Our study demonstrates the safety and efficacy of CA coverage in facilitating adequate distal sealing in selected patients undergoing TEVAR. Because the distal sealing length is not completely sufficient in most cases requiring CA coverage, the long-term efficacy of CA coverage during TEVAR should be determined in a large prospective study.
在胸主动脉腔内修复术(TEVAR)中,有时需要覆盖腹腔干动脉(CA)以确保远端密封。我们报告了我们在TEVAR经验中计划性覆盖CA的结果。
回顾性分析2008年10月至2018年9月期间TEVAR术中需要覆盖CA的病例。患者人口统计学资料、CA覆盖的指征、CA与肠系膜上动脉(SMA)之间的交通、同期CA栓塞以及围手术期和远期结果均收集于前瞻性数据库并进行分析。
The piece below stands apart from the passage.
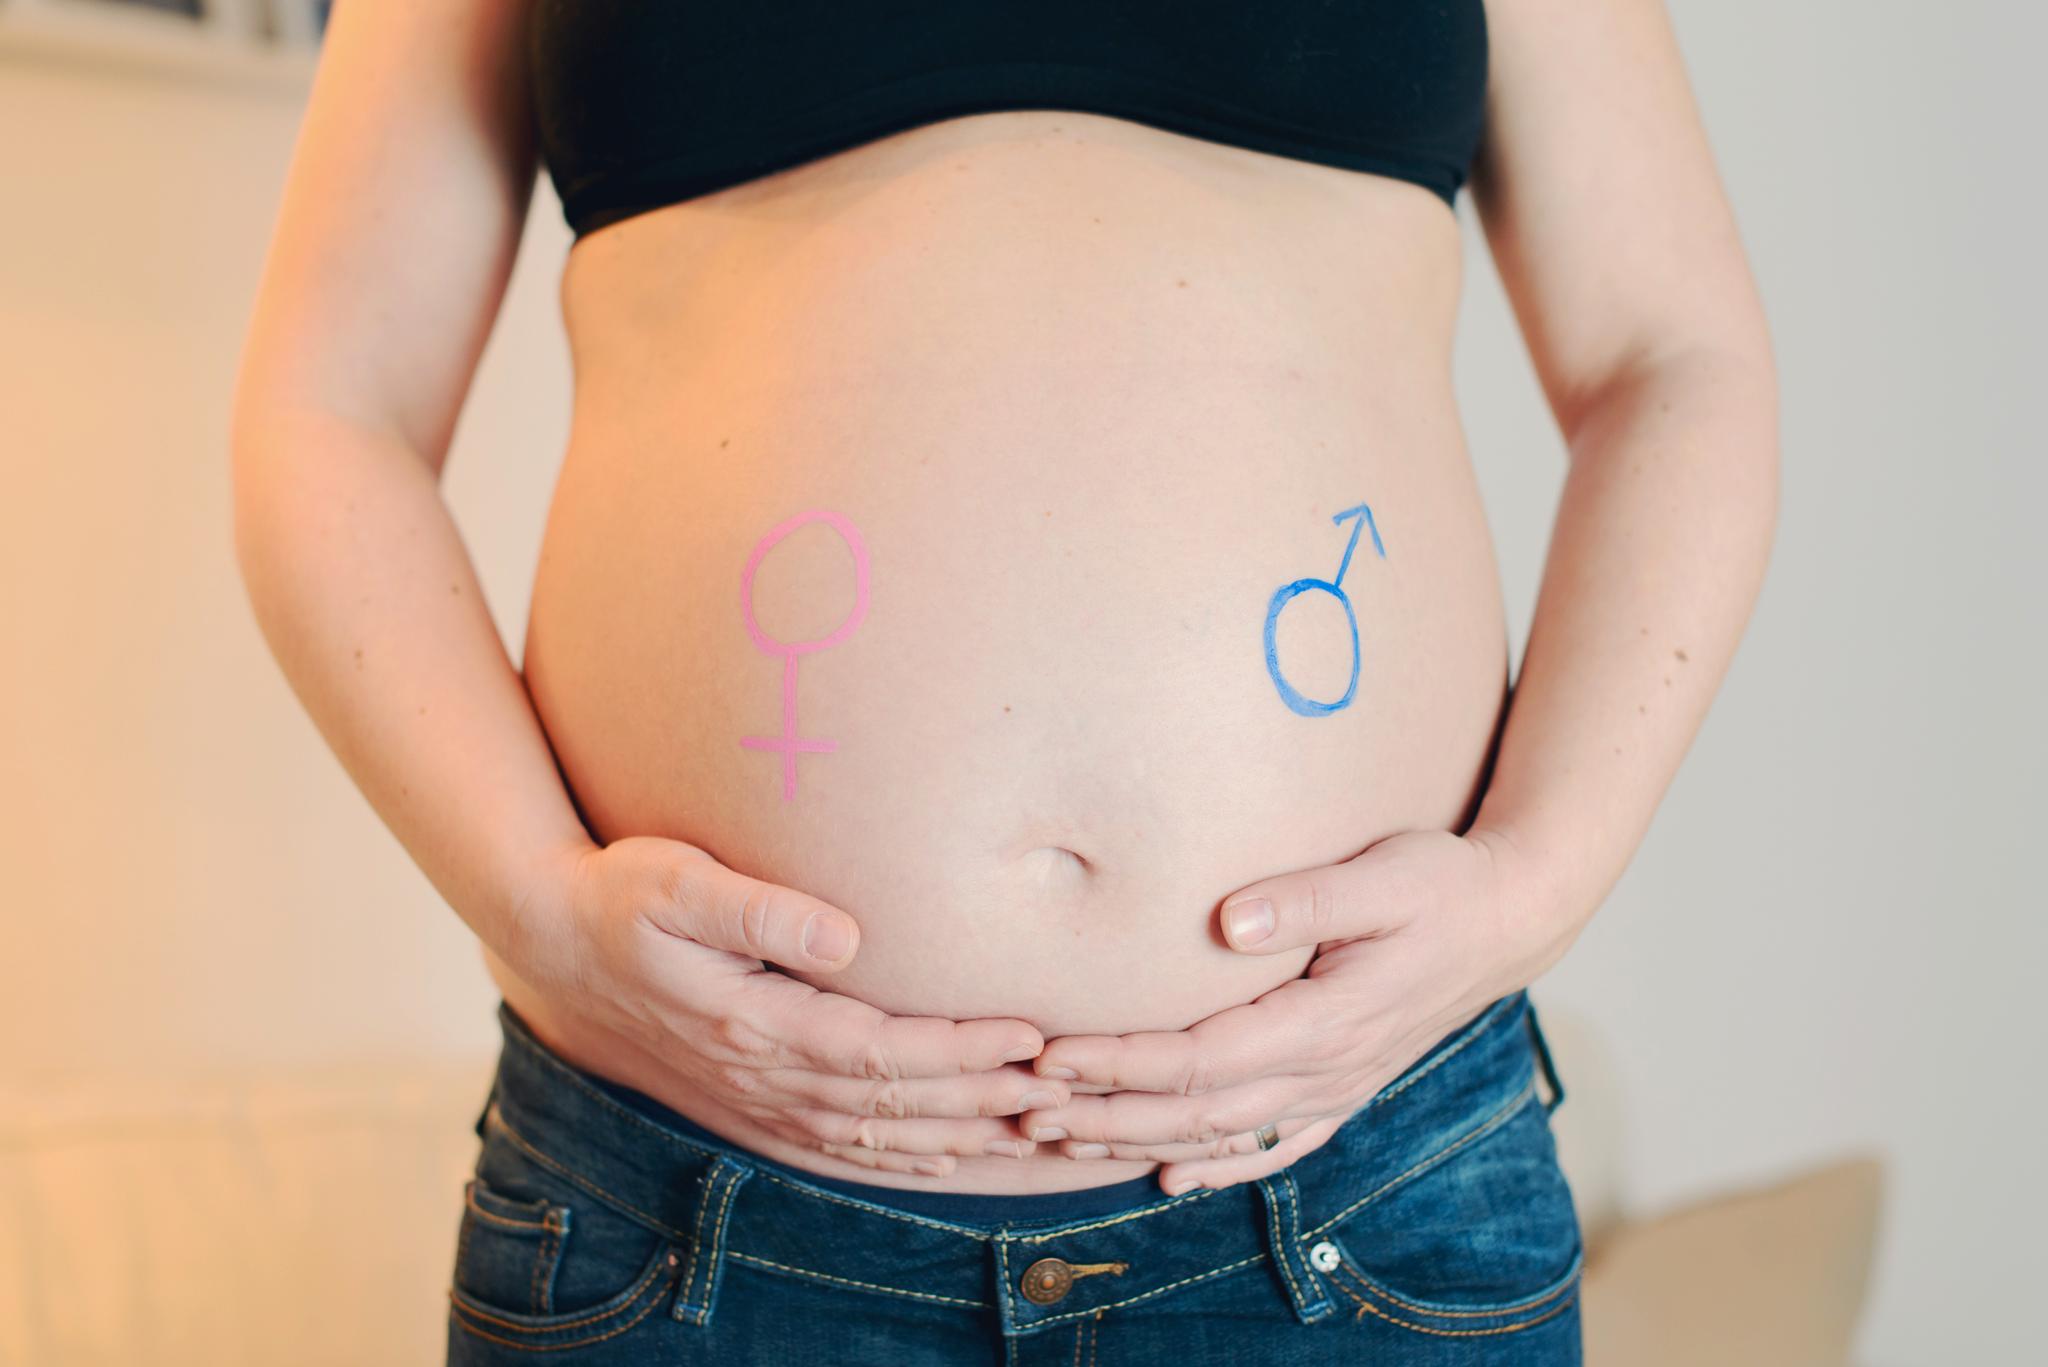 Et trygt tilbud til gravide og fødende er faktisk av de helsetiltak som sparer flest leveår, skriver innleggsforfatteren.

在研究的十年间,我院357例患者接受了TEVAR。其中,15例(4.2%)需要覆盖CA。所有15例患者均为男性,平均年龄72.8岁(范围44 - 80岁)。动脉瘤平均大小为67.5mm(范围50 - 82mm)。病因包括10例退行性动脉瘤(66.7%;2例破裂[13.3%],4例夹层动脉瘤[26.7%],1例TEVAR术后ⅠB型内漏[6.7%])。术前计算机断层扫描血管造影证实8例患者(53.3%)、术中血管造影证实4例患者(26.7%)存在CA与SMA之间的交通支。7例患者(46.7%)同期进行了CA栓塞。CA覆盖使远端密封长度平均延长20.3mm(范围12 - 22mm)。术后计算机断层扫描血管造影显示1例患者(6.7%)出现ⅠB型内漏并自发消失。术后并发症包括1例患者(6.7%)出现脾梗死/胰腺炎,2例患者(13.3%)出现脊髓缺血。无术后院内死亡病例。在随访期(平均3.6年;范围0.9 - 8.0年),2例患者出现新的ⅠB型内漏。1例患者接受了带髂 - SMA旁路的支架移植物远端延伸术,1例患者根据其决定进行了保守观察。无经CA的Ⅱ型内漏病例。在最近一次随访时,大多数动脉瘤(86.7%)稳定或缩小。随访期间无目标动脉瘤相关死亡病例。
我们的研究证明了在接受TEVAR的特定患者中,CA覆盖在促进充分远端密封方面的安全性和有效性。由于在大多数需要覆盖CA的病例中远端密封长度并不完全足够,TEVAR术中CA覆盖的长期疗效应在大型前瞻性研究中确定。